» Required action: Locate "Ref. 4137 Adidas" in the data below, then output the line it is on and all following lines through the last, word for word. Skip any pictures.

::: Source data :::

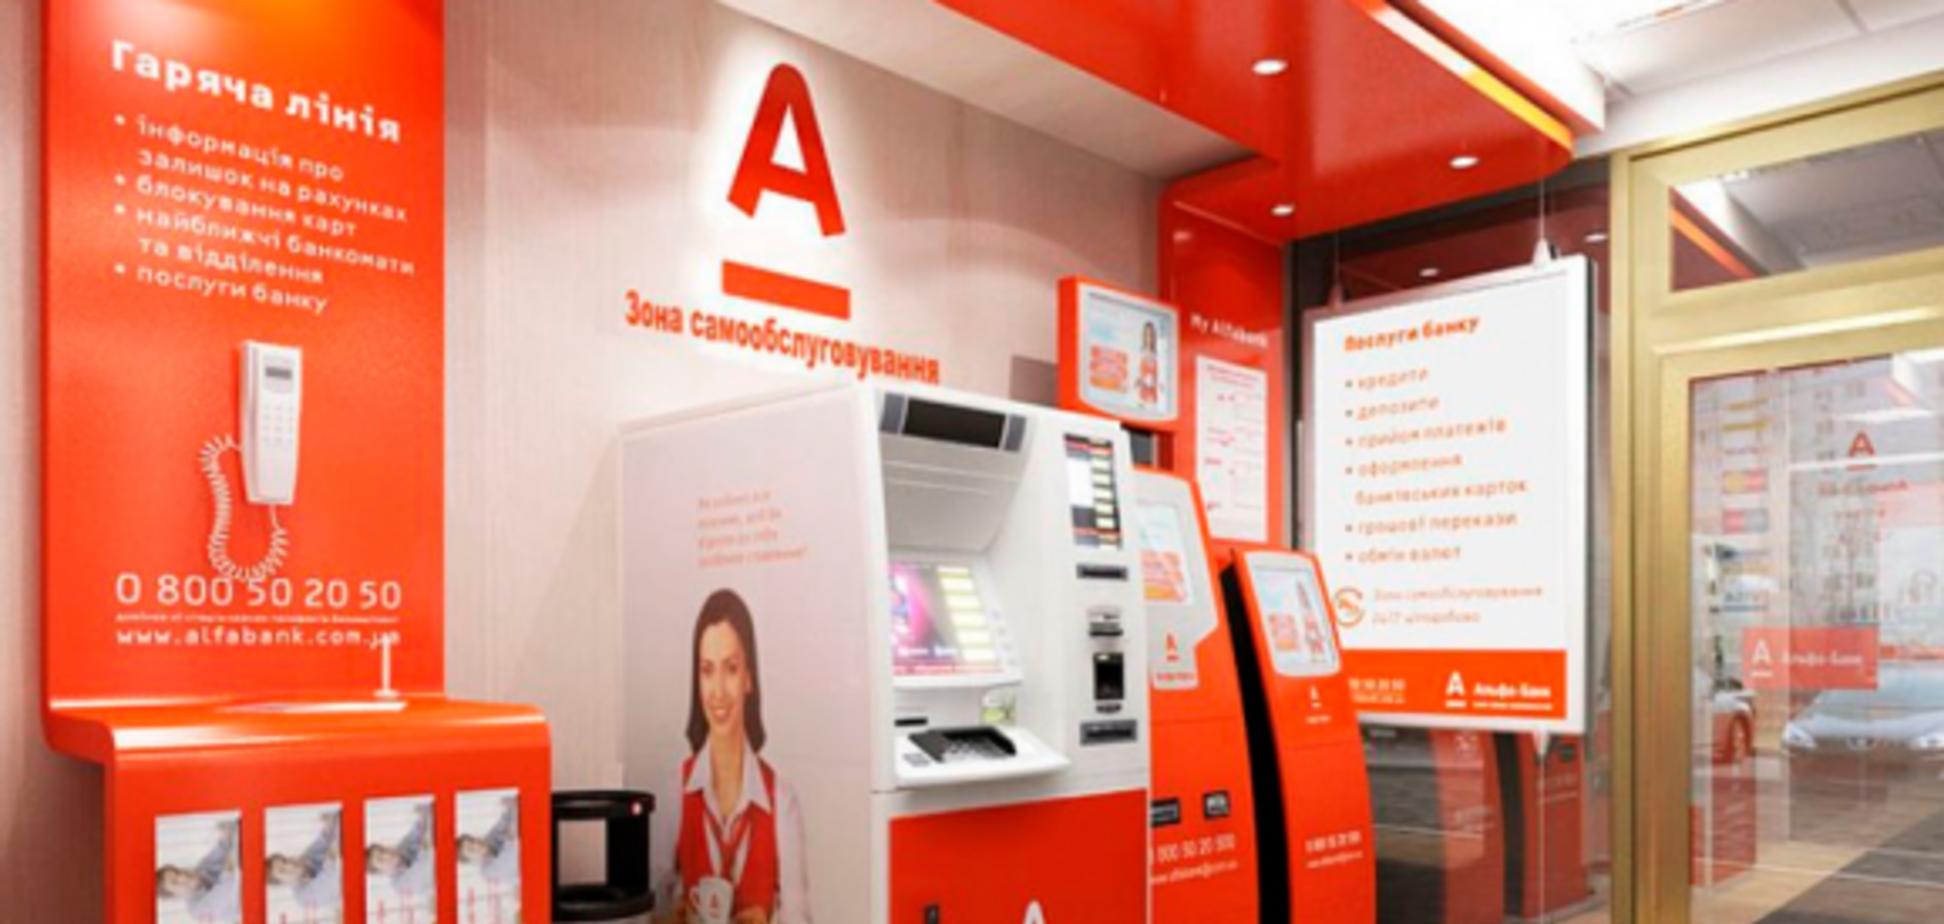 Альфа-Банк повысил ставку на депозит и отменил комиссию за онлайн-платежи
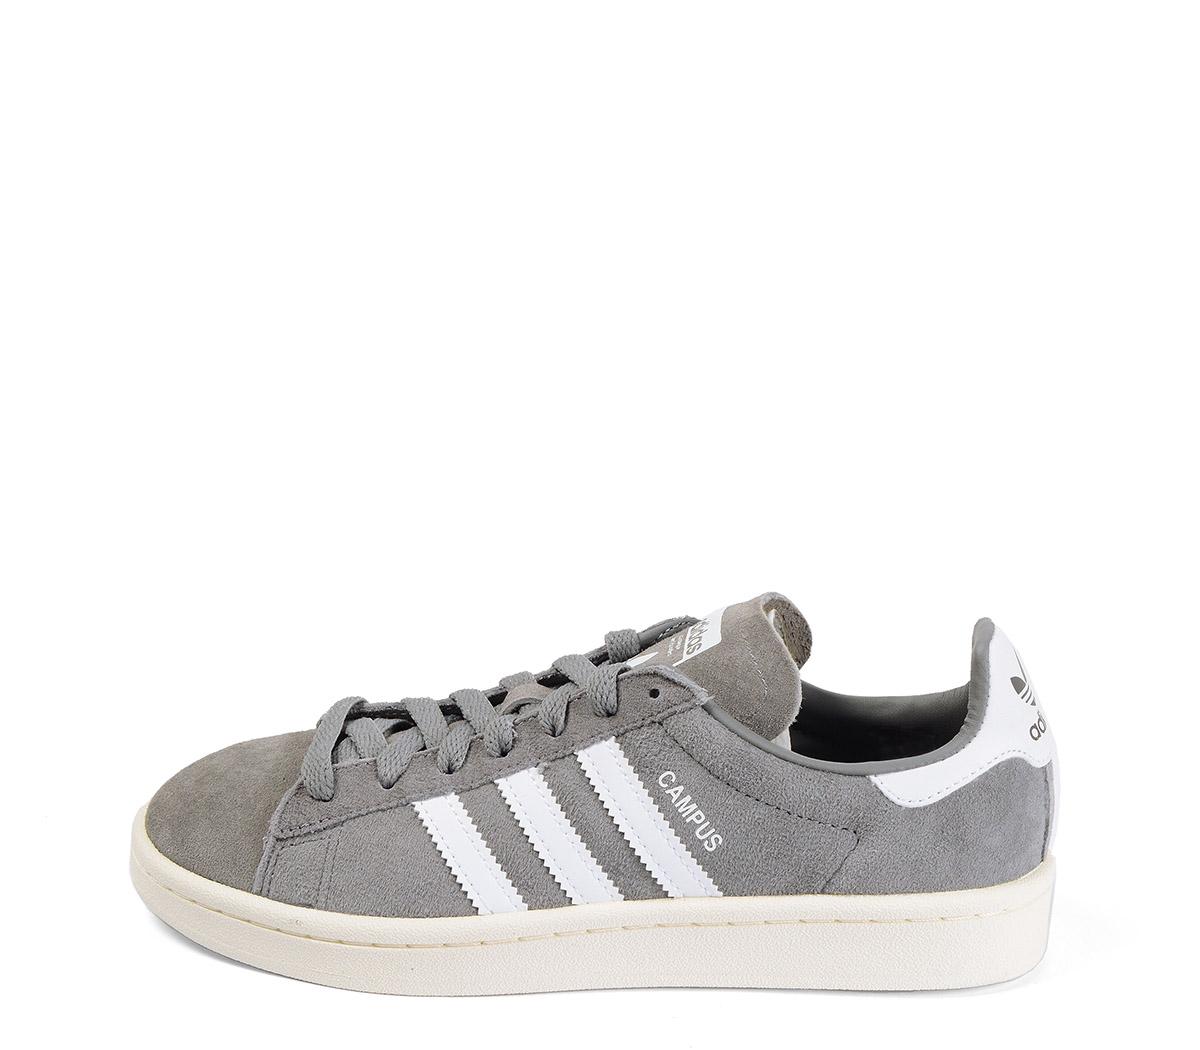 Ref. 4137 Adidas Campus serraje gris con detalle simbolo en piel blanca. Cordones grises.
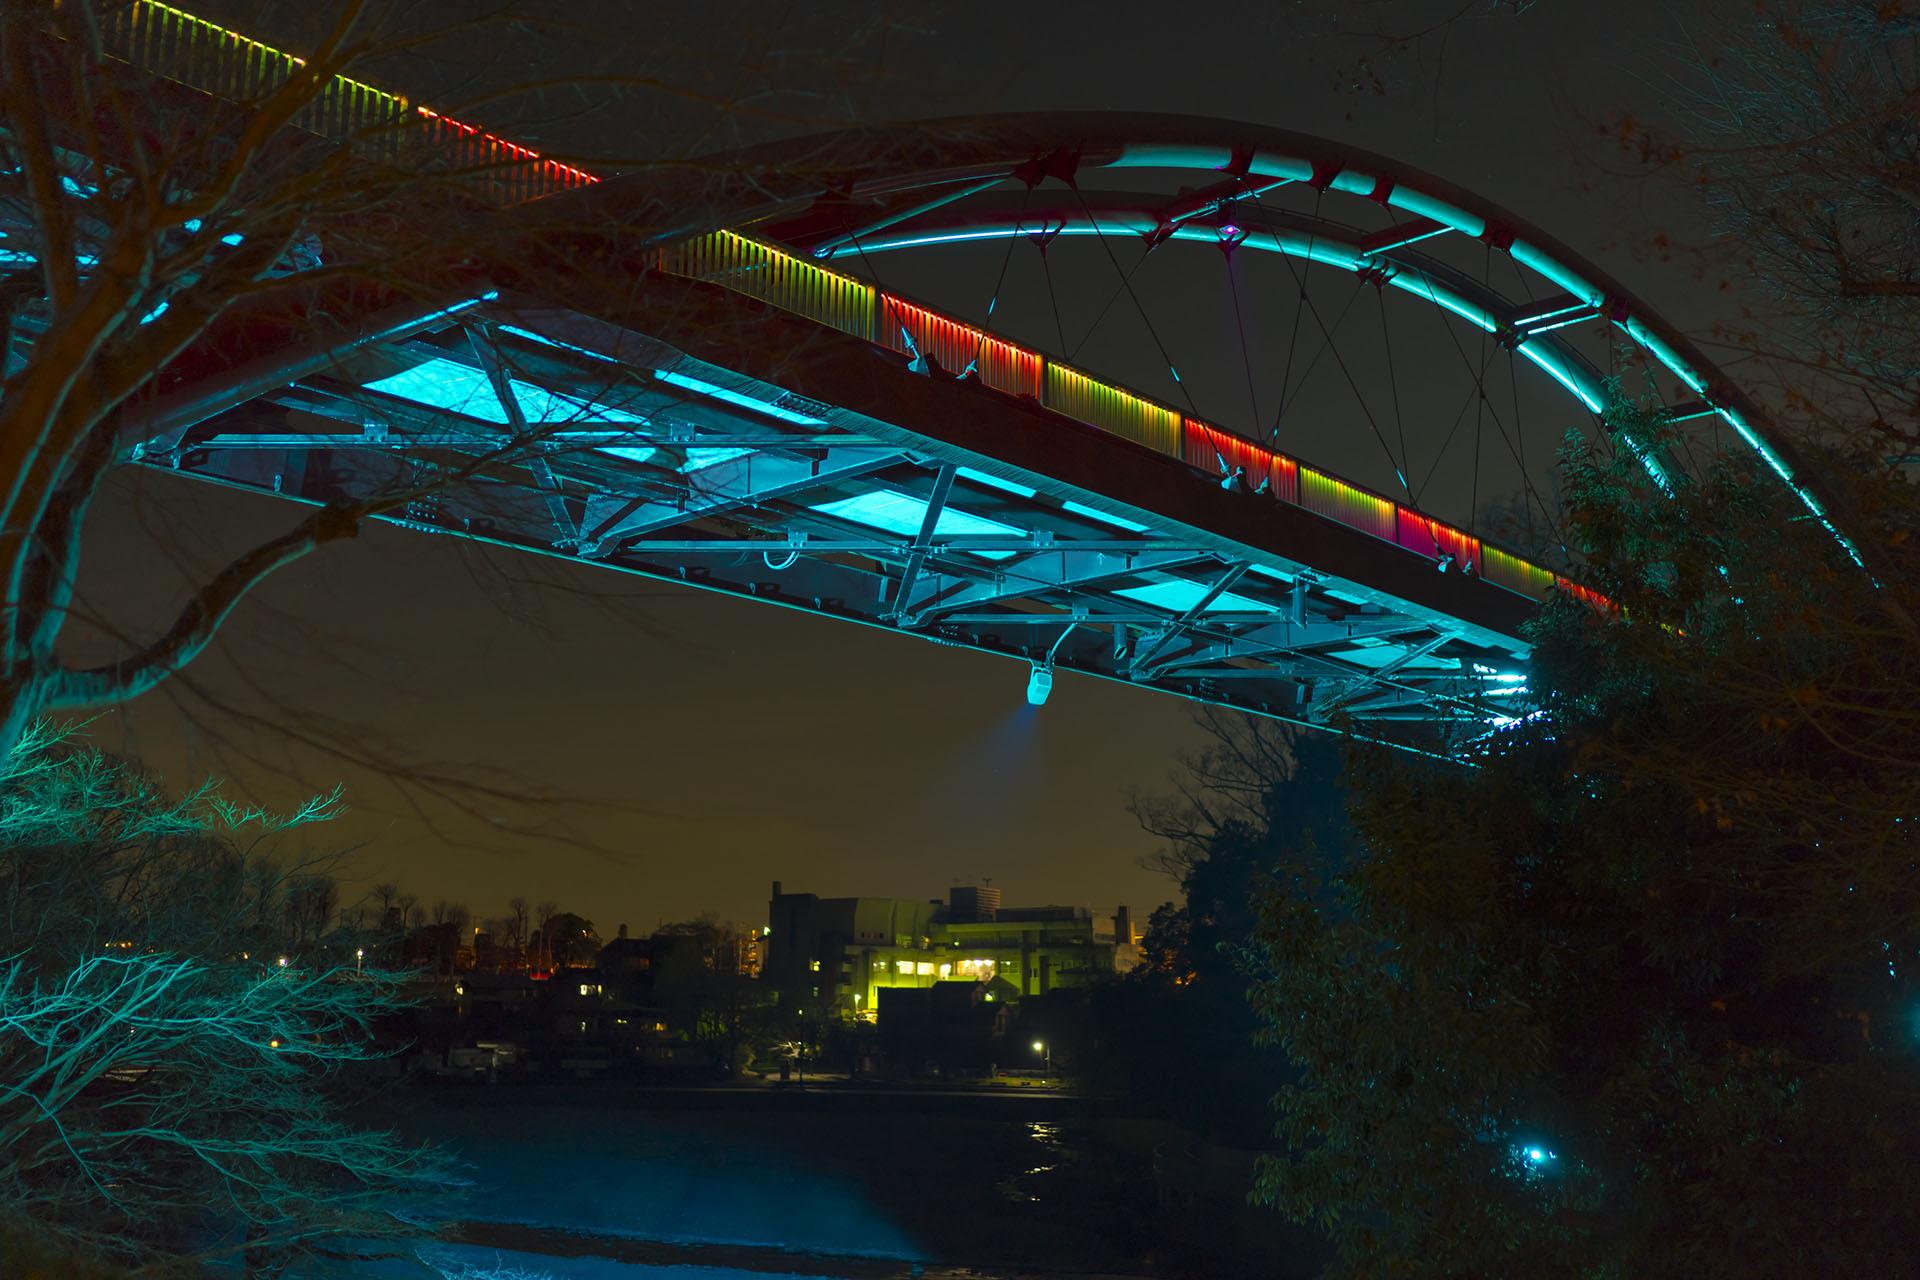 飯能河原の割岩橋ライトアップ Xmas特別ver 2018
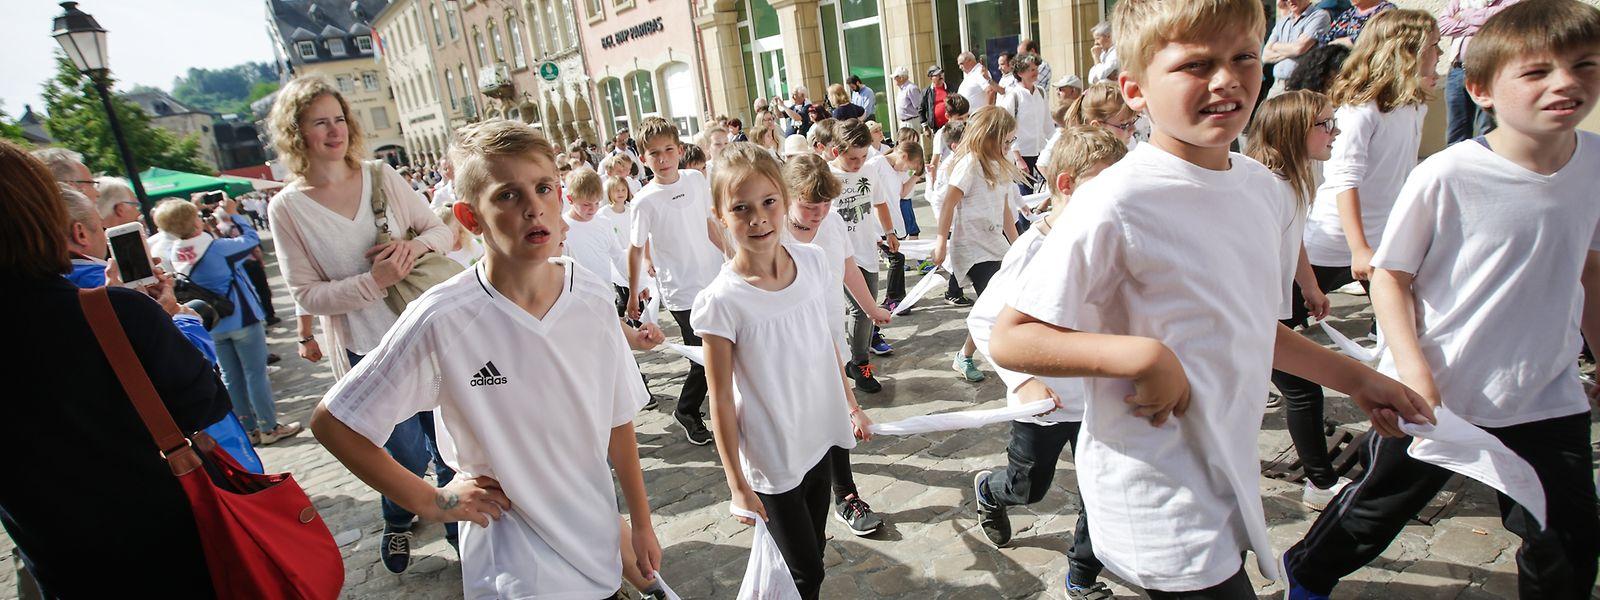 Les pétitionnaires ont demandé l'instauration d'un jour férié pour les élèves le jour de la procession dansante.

:::

» Answer box:
 Ref. 4137 Adidas Campus serraje gris con detalle simbolo en piel blanca. Cordones grises.
 飯能河原の割岩橋ライトアップ Xmas特別ver 2018
 Les pétitionnaires ont demandé l'instauration d'un jour férié pour les élèves le jour de la procession dansante.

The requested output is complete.